Ramin Djawadi composed the score to the film.

All music by Ramin Djawadi.

Songs used in the film but not included in the soundtrack album were:
- "Rebel Blues" performed by Lëk Sèn
- "No Church in the Wild" performed by Kanye West & Jay-Z featuring Frank Ocean

Track listing
| No. | Title | Length |
|---|---|---|
| 1. | "Safe House" | 3:15 |
| 2. | "A Hundred Lies a Day" | 3:15 |
| 3. | "Get in the Trunk" | 4:24 |
| 4. | "Do I Make You Nervous?" | 3:07 |
| 5. | "I Used to Be Innocent Like You" | 2:11 |
| 6. | "Tobin Frost" | 2:19 |
| 7. | "Off the Grid" | 3:27 |
| 8. | "Do What You Have to Do" | 4:48 |
| 9. | "Don't Kill Innocent People" | 3:45 |
| 10. | "Who Do You Work For?" | 3:44 |
| 11. | "Walk Away" | 6:03 |
| 12. | "People Change" | 2:16 |
| 13. | "Be Better Than Me" | 4:11 |
| 14. | "Langa" | 6:14 |
| 15. | "More Past Than Future" | 3:19 |
| 16. | "12 Months" | 3:05 |
| 17. | "Truth" | 3:42 |
| 18. | "I'll Take It From Here" | 5:46 |
| Total length: |  | 68:51 |

==Release==
The film premiered in New York City on February 7, 2012, and was released in U.S. theaters on February 10, 2012. Safe House was released to Blu-ray and DVD on June 5, 2012, in the United States.

==Reception==

===Box office===
Safe House grossed $126.4 million in the United States, and $81.7 million in other territories, for a worldwide total of $208.1 million.

Safe House earned $13.6 million on opening day, and a total of $40.2 million over the weekend, finishing second behind The Vow.
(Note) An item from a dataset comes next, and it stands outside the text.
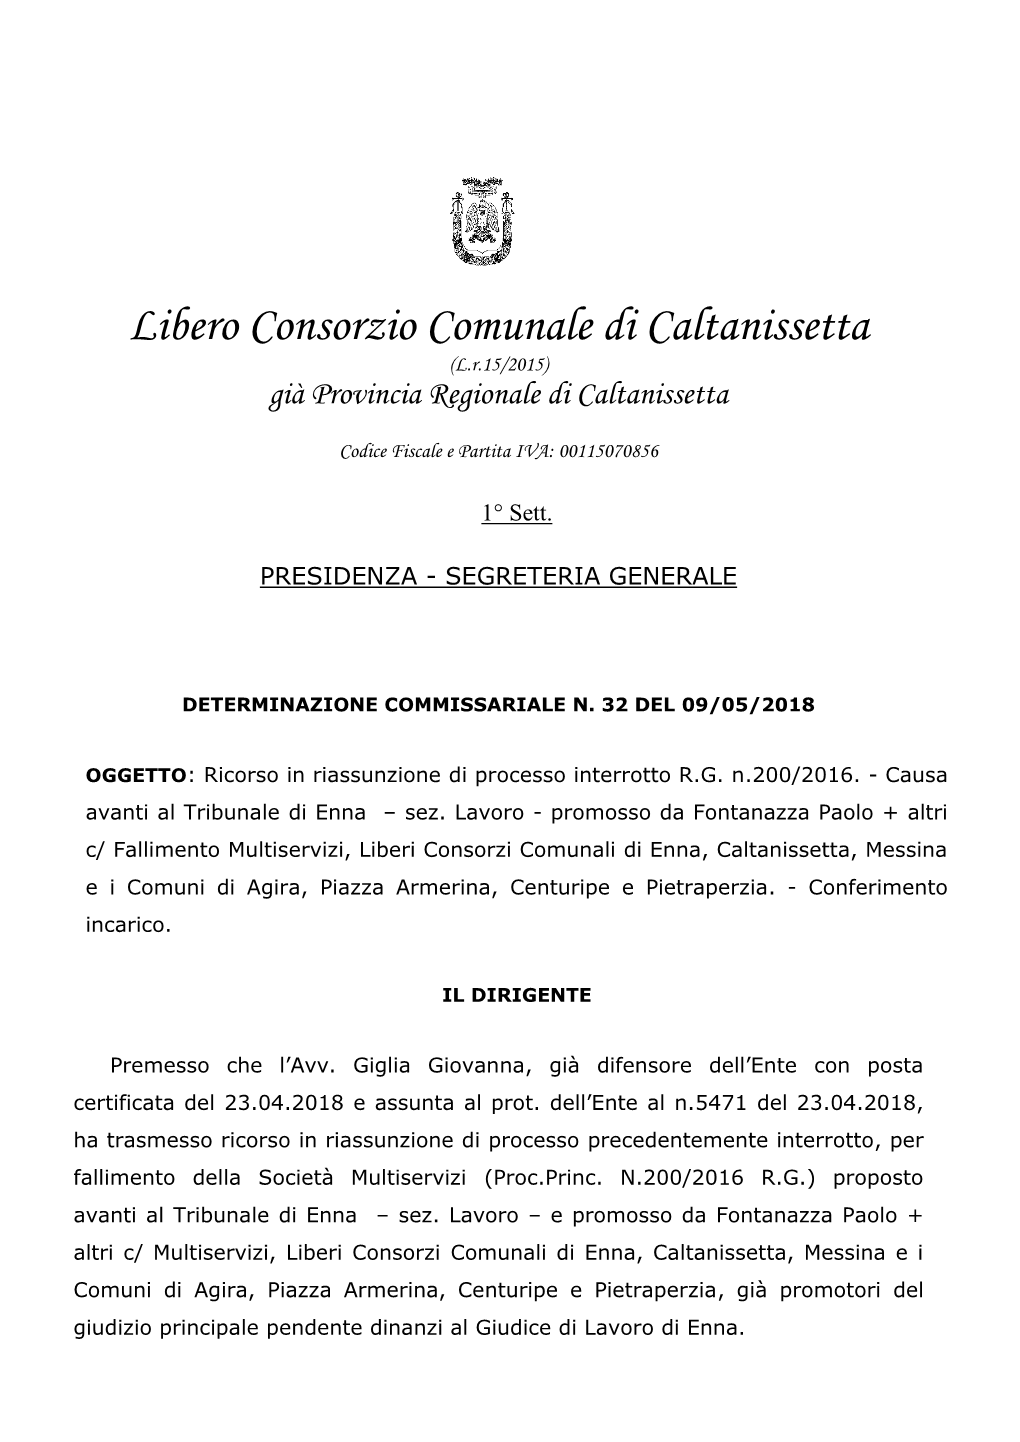 Libero Consorzio Comunale Di Caltanissetta (L.R.15/2015) Già Provincia Regionale Di Caltanissetta

The film was the second-biggest opener for Washington, behind American Gangster ($43.6 million), and third-best for Reynolds behind X-Men Origins: Wolverine ($85.1 million) and Green Lantern ($53.2 million), respectively. In its second weekend, it finished first at $23.6 million. It became the second film in 2012 to cross the $100 million mark domestically after The Vow and the fourth film to cross the mark worldwide after Underworld: Awakening, Journey 2: The Mysterious Island, and The Vow.

===Critical response===
 Metacritic, which uses a weighted average, assigned the film a score of 52 out of 100, based on 36 critics, indicating "mixed or average" reviews. Audiences polled by CinemaScore gave the film an average grade of "A−" on an A+ to F scale.

==Future==
In September 2012, it was announced that Universal had hired screenwriter David Guggenheim to write a script for a possible sequel.